## [Assigned task]
Look through the data below for the line with "Beefsteak Tomatoes - Stock Image" and the line with "Pentatonix - PTX", then transcribe exactly from the first through the second, leaving out all pictures.

## [Data supplied]
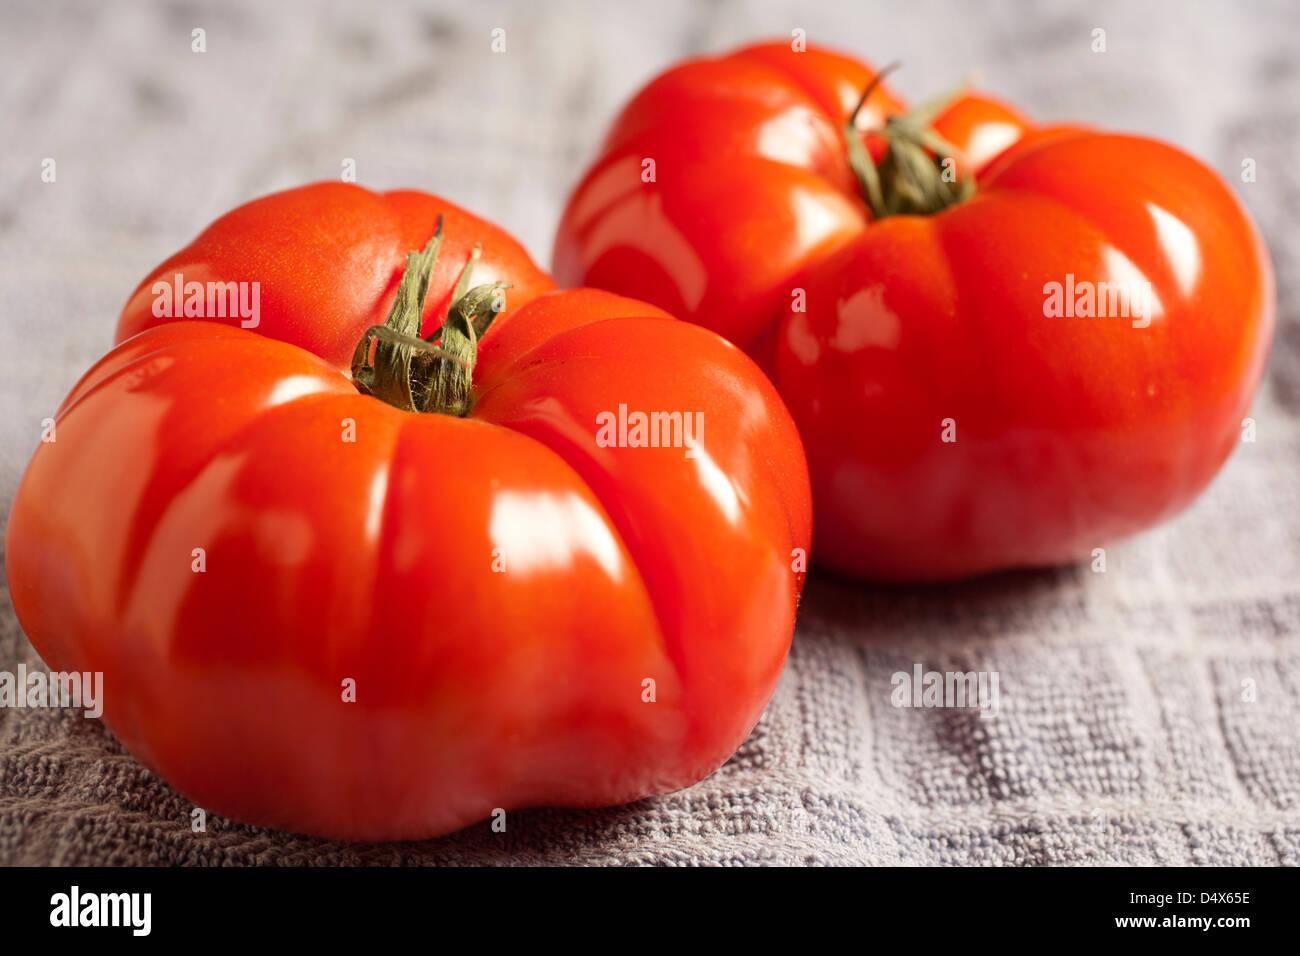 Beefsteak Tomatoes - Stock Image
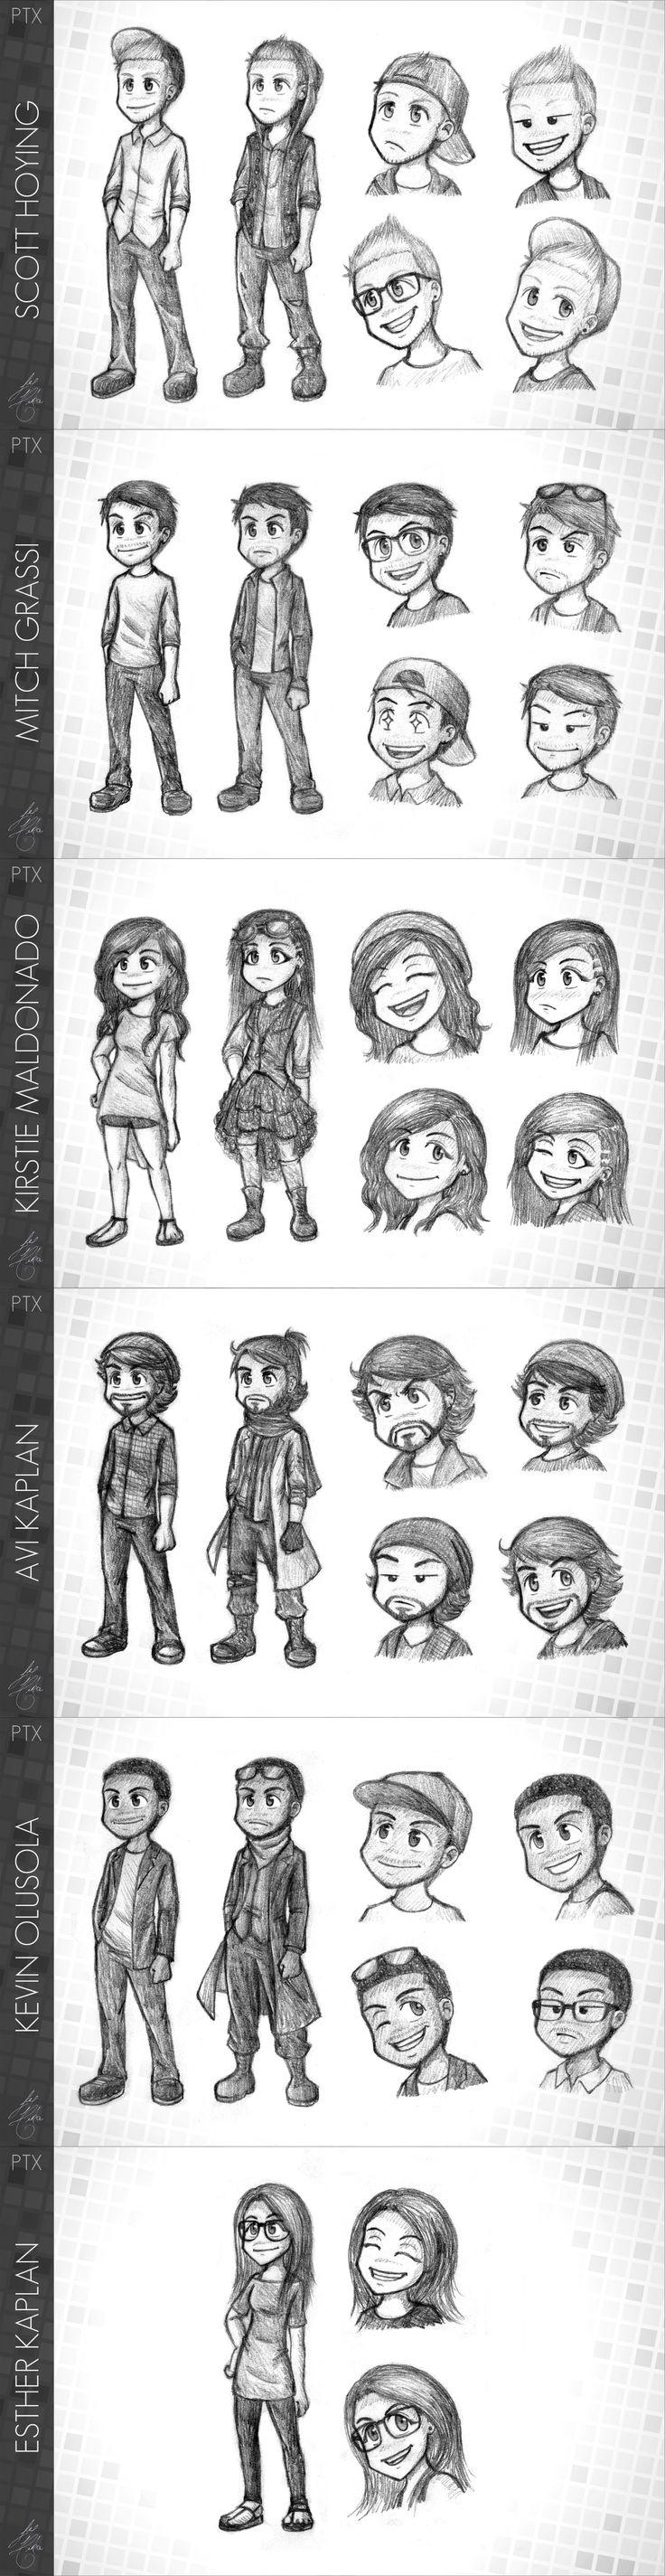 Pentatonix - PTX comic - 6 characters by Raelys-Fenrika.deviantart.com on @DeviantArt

---

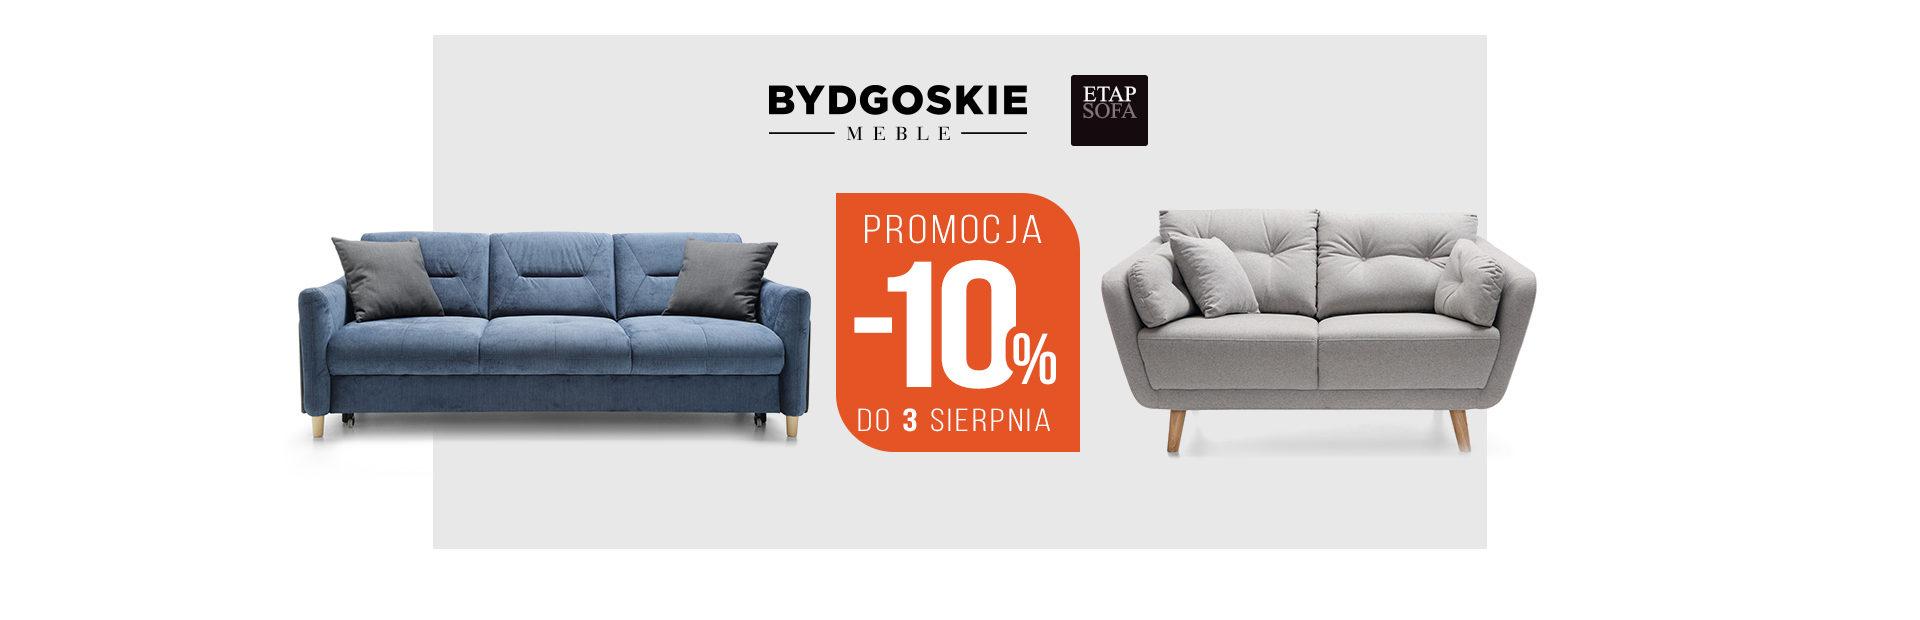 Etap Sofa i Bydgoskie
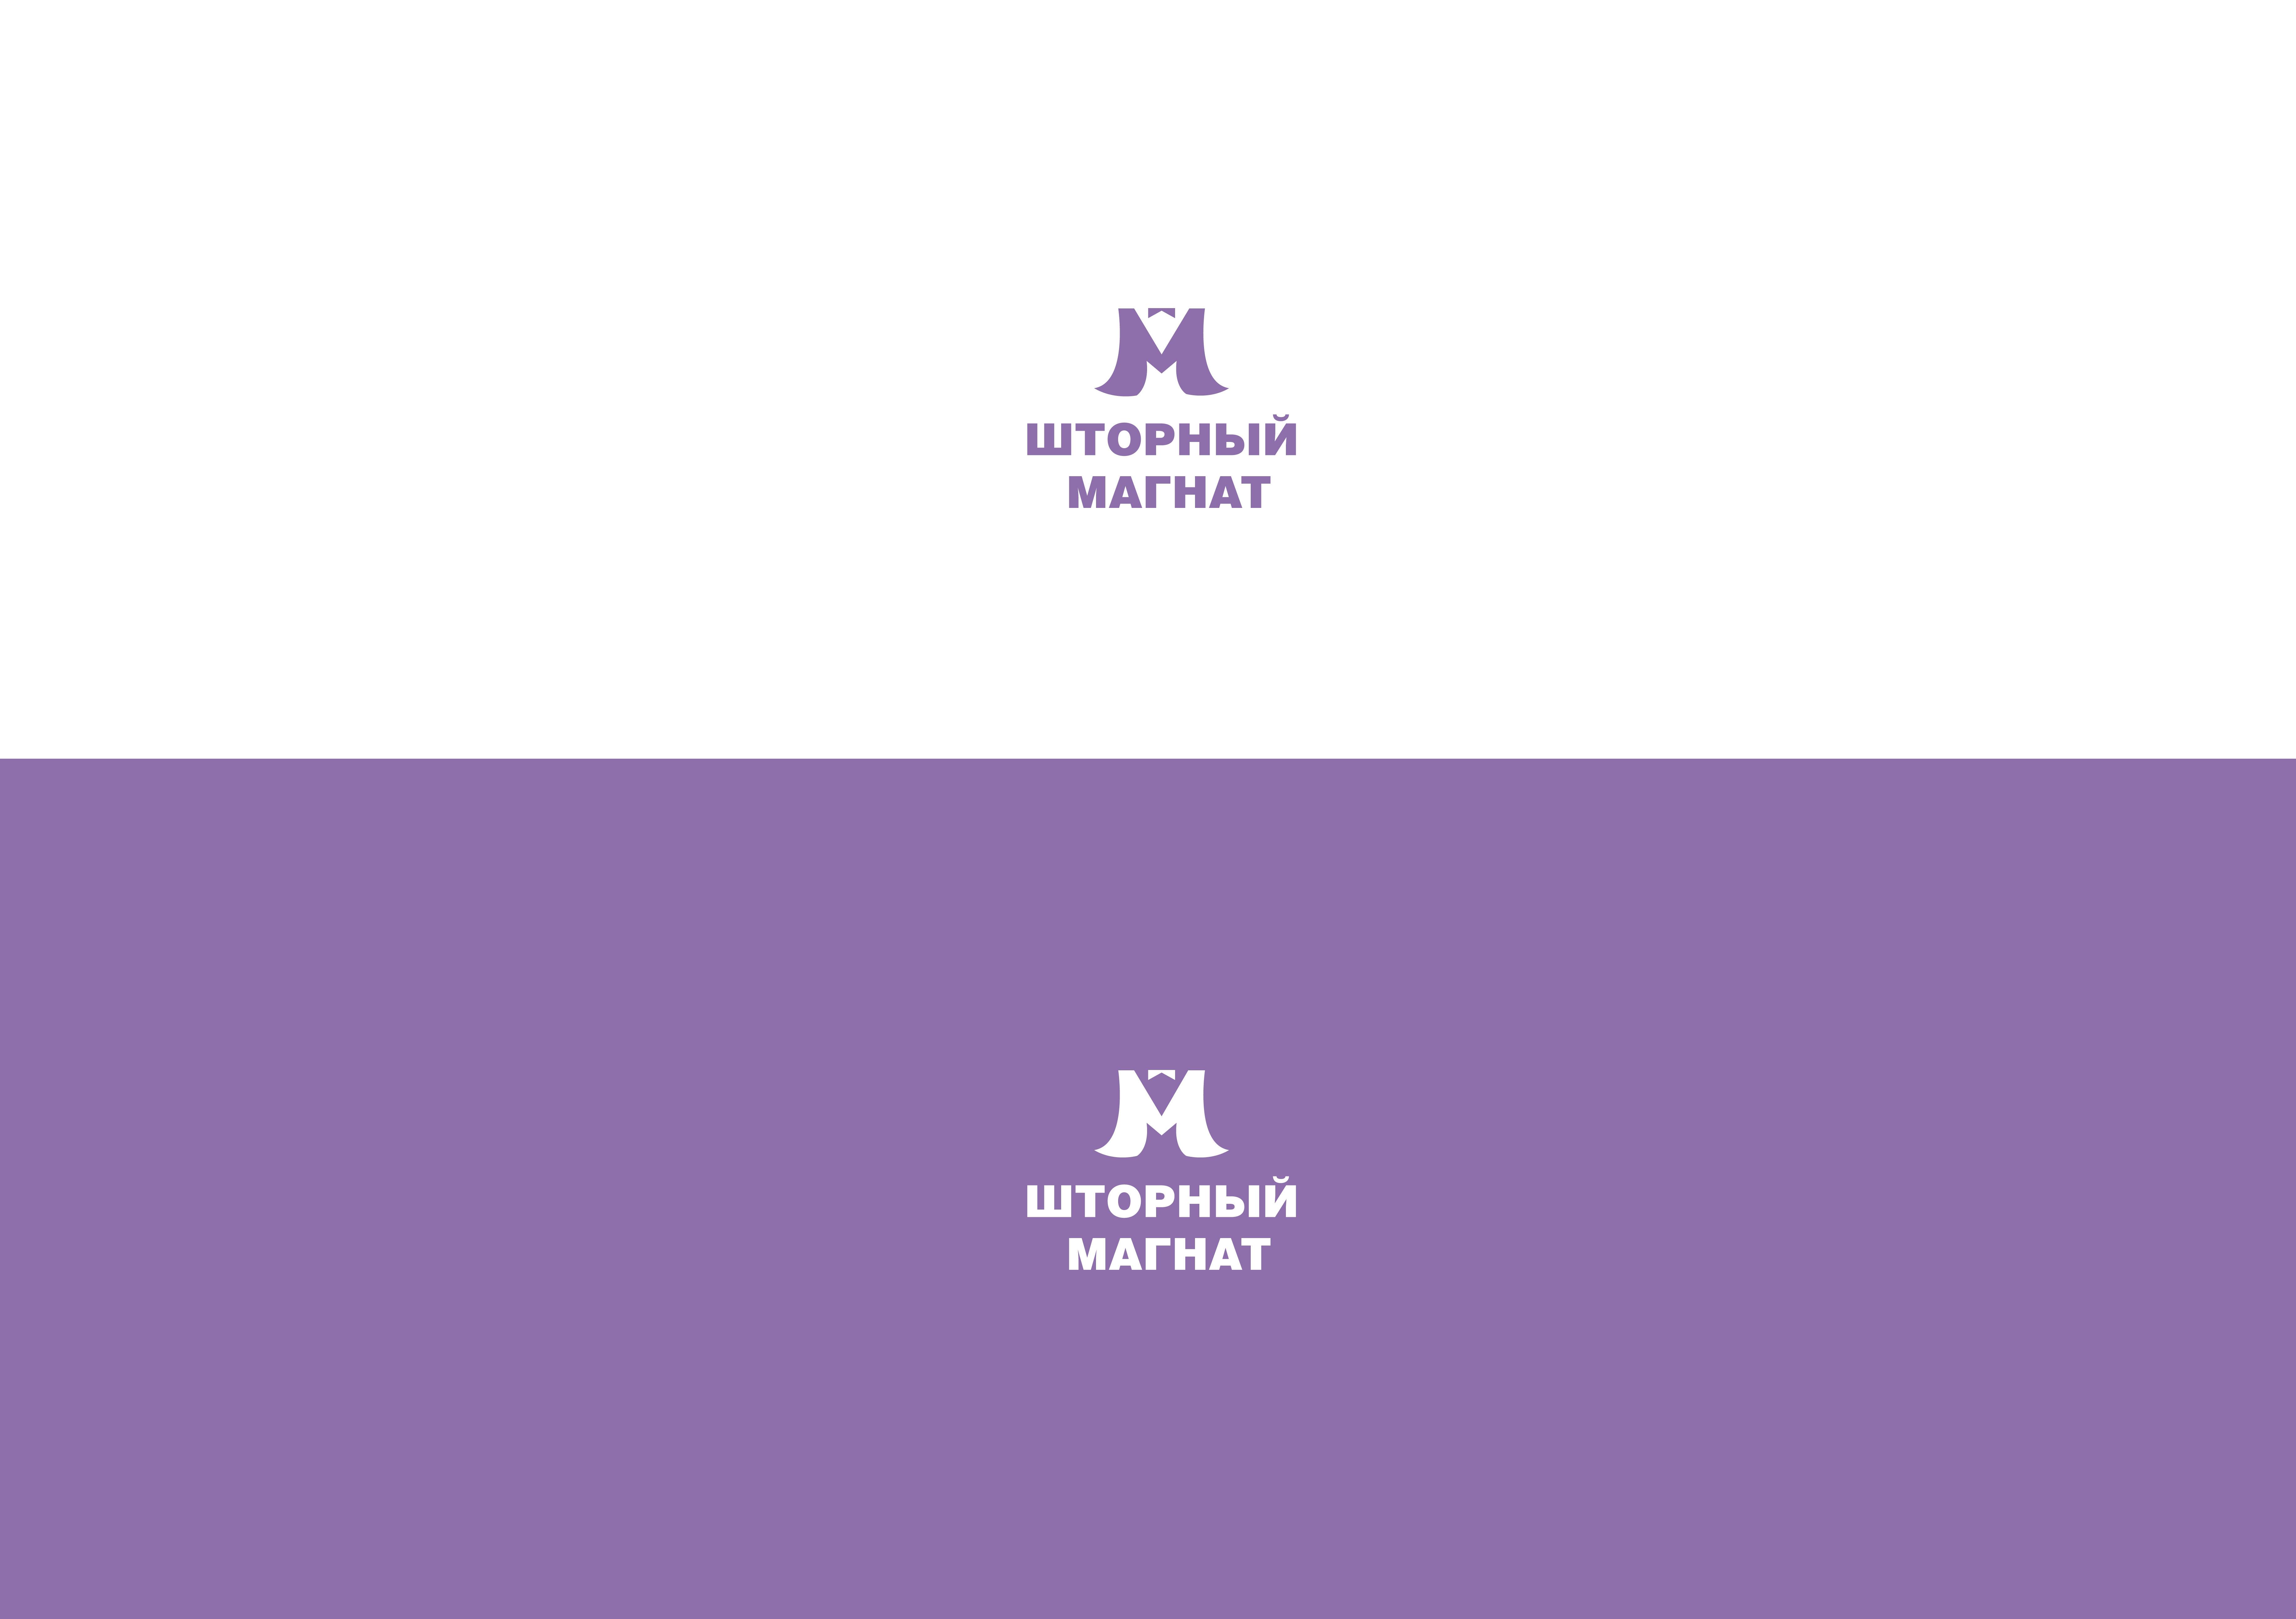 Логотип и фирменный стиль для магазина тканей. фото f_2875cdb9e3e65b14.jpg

## [Solution to the problem]
 Beefsteak Tomatoes - Stock Image
 Pentatonix - PTX comic - 6 characters by Raelys-Fenrika.deviantart.com on @DeviantArt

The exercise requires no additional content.